BU News Service
The Department of Education selected Northeastern University and seven other colleges to participate in the Educational Quality through Innovation Partnerships (EQUIP) program, which will offer students access to federal financial aid to enroll in professional programs offered by non-traditional education providers in collaboration with universities.
Northeastern will launch the new Bachelor of Science in Advanced Manufacturing program this spring for 20-50 General Electric employees and then roll out the program for students in Fall 2017, according to their website.
Faculty from Northeastern will conduct online courses, while GE will evaluate students based on assignments designed to assess practical performance. The university will offer a short-term certificate that can be combined with the Bachelor of Science in Advanced Manufacturing and other majors in the STEM category through the Lowell Institute School.
The EQUIP program will fund the university to be able to offer the three-year bachelor’s degree at $10,000 per year. The American Council on Education will oversee quality assurance for the program.
“We are pleased to join with Northeastern and GE in such an important effort to expand access to higher education and increase the ways nontraditional learners have of gaining post-secondary degrees and credentials,” Molly Colbert Broad, ACE president, said.
The new Bachelors program carries forward Northeastern’s tradition of offering practice-oriented programs like Level which is a data analytics professional program and ALIGN, a graduate program which helps students transition to industries despite not having the required undergraduate degrees or work experience.
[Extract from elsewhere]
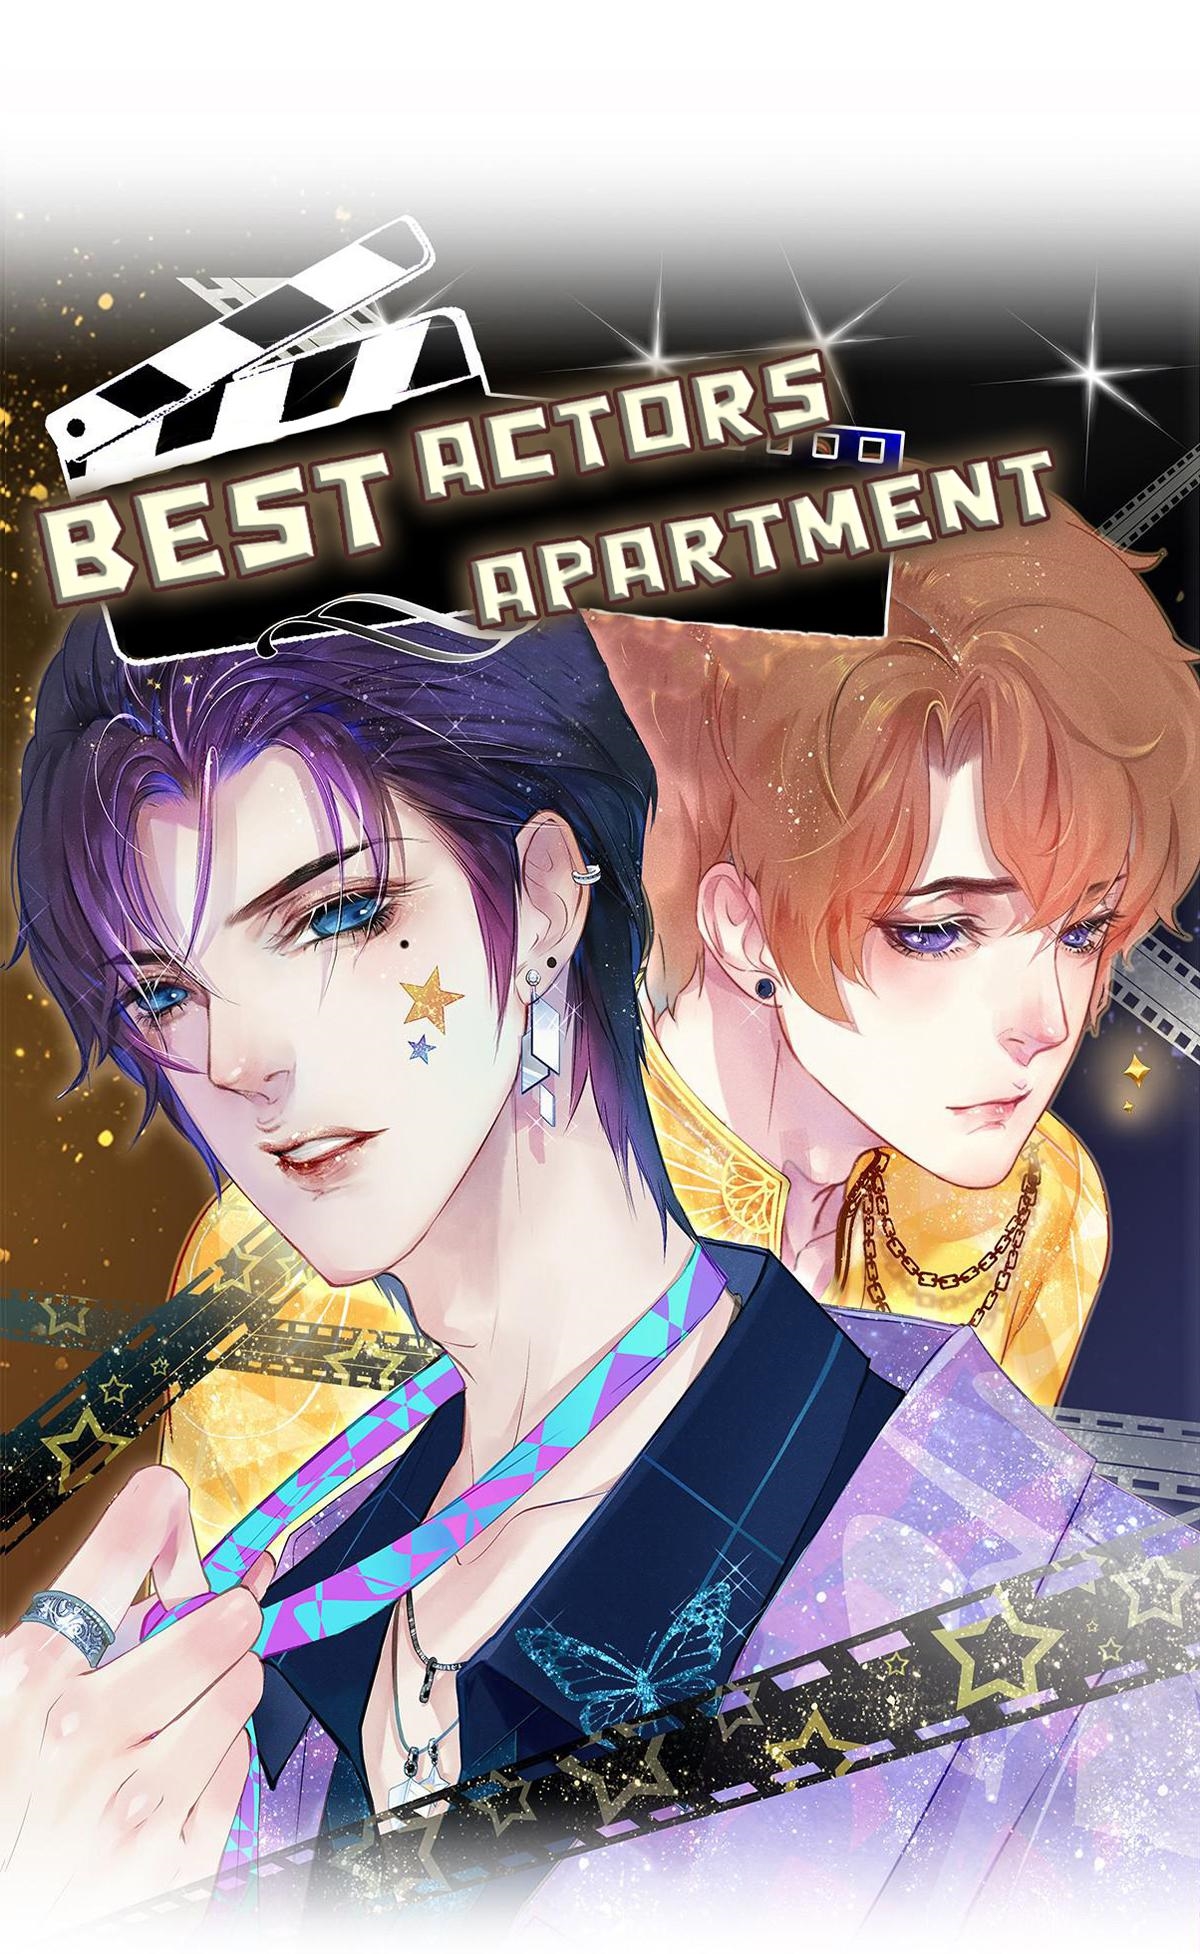 Best Actors Apartment Chapter 13: Ruse Of Self Injury - Picture 1

“We believe that forward-thinking colleges and universities and new providers of education can drive increases in postsecondary access, quality, affordability and completion,” Ted Mitchell,Under Secretary of Education, said at the announcement of selected partnerships. “Unfortunately, in too many cases, low-income students have been unable to afford to go to these programs, in part because they can’t access federal financial aid to attend. EQUIP sites aim to rectify that.”
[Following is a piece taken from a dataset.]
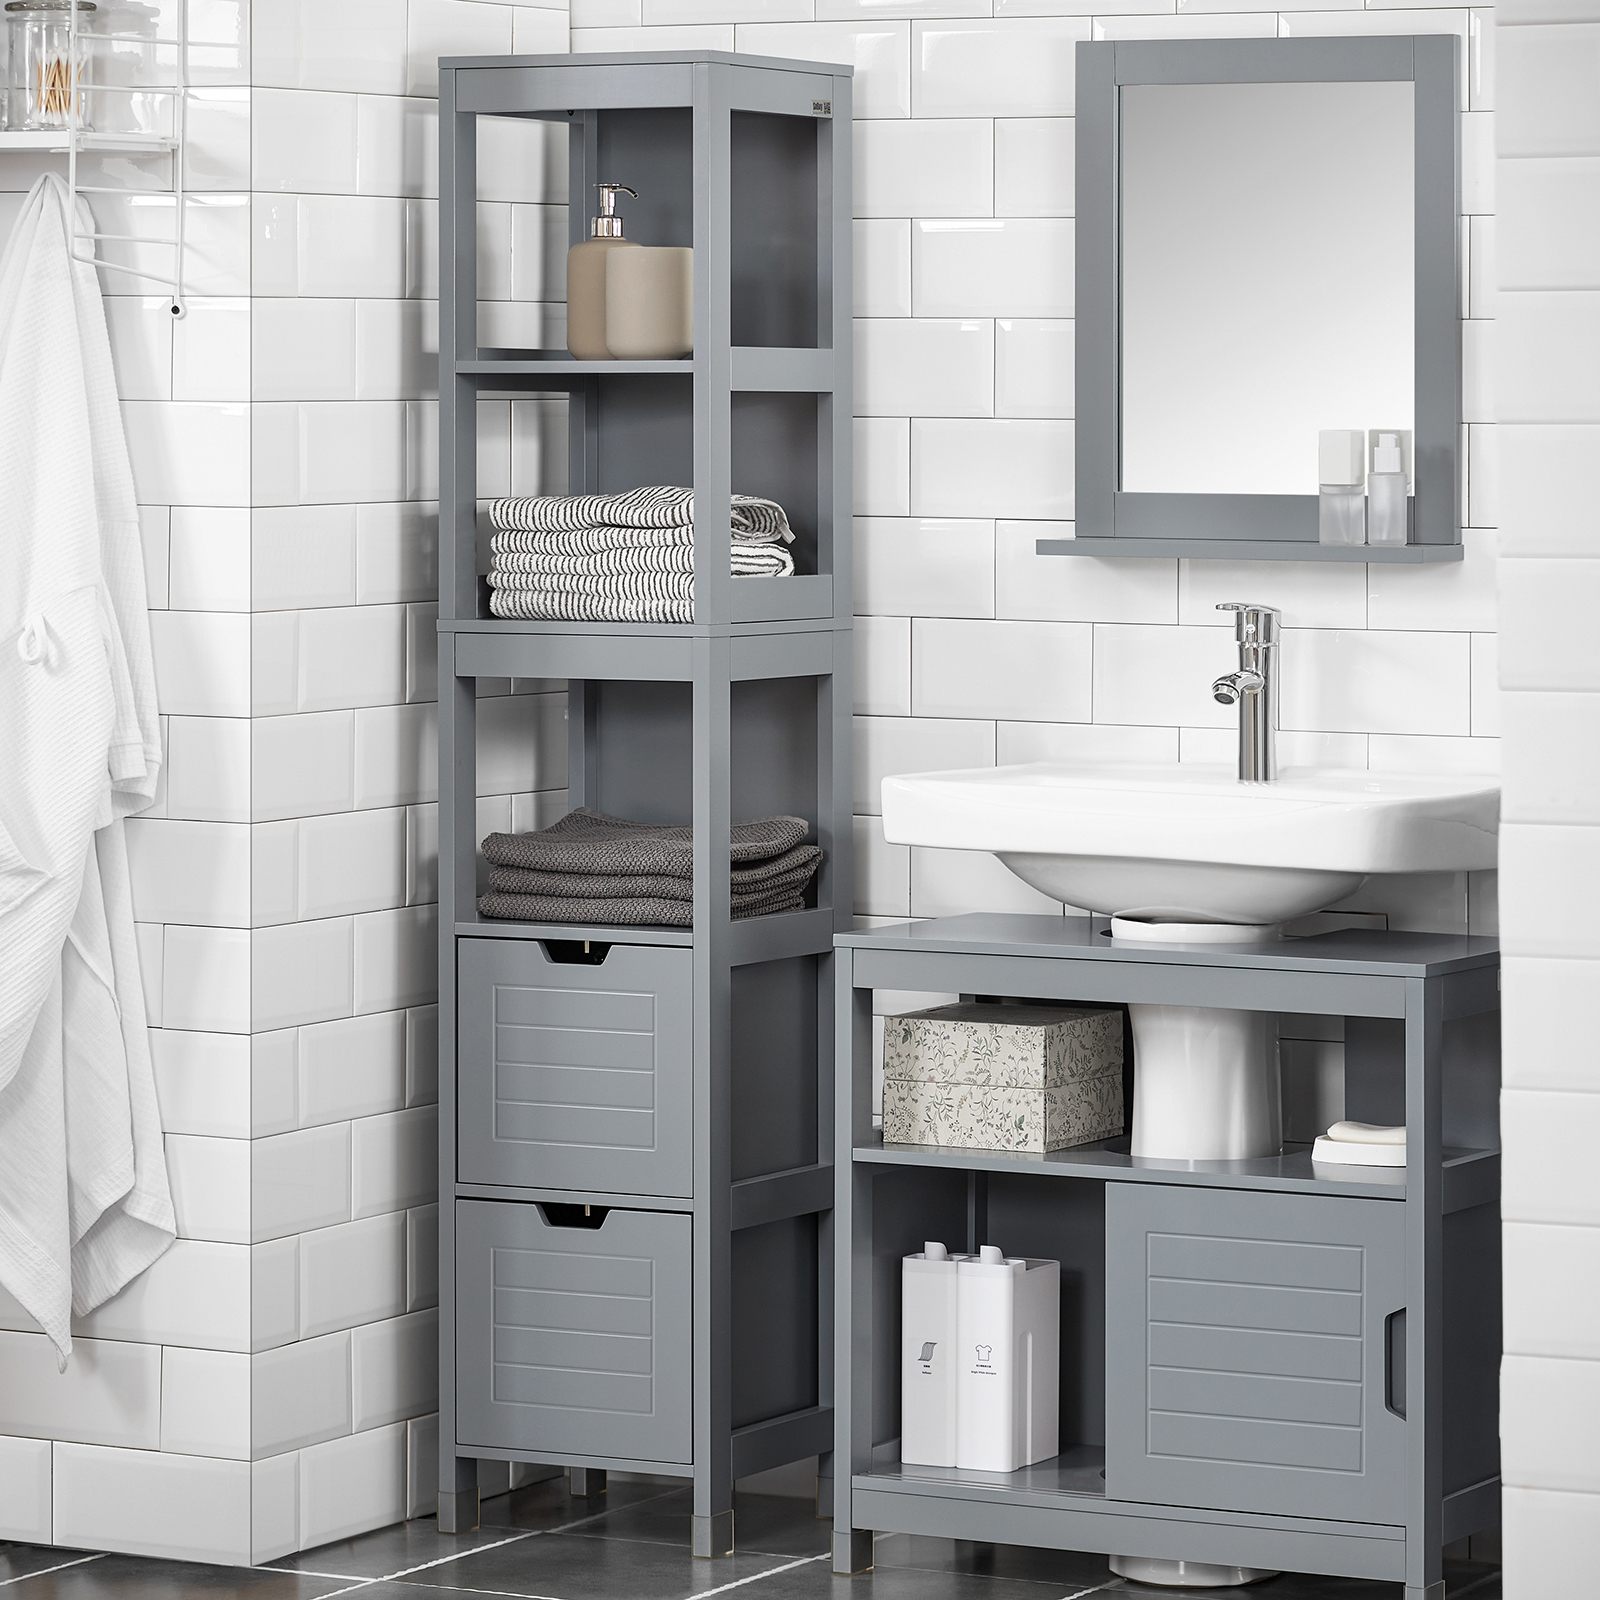 SoBuy Tall Bathroom Storage Cabinet with 3 Shelves and 2 Drawers, FRG126-SG

President of Northeastern University Joseph Aoun said in a statement that non-traditional learners are becoming the majority.
“If we do not take care of them, we are facing a gap in the nation. And in this respect, Northeastern decided to work with GE to codevelop, curate, and credential an Advanced Manufacturing degree,” he said.
Alongside the Bachelor’s in Advanced manufacturing, Northeastern is working on building a Master’s degree. The outcome of the current program was very simple Aoun said — it’s jobs.
“Once the students finish, once the learners finish, they have to be job-ready. And how are we going to certify it? Precisely by working from day one with the employers,” Aoun said.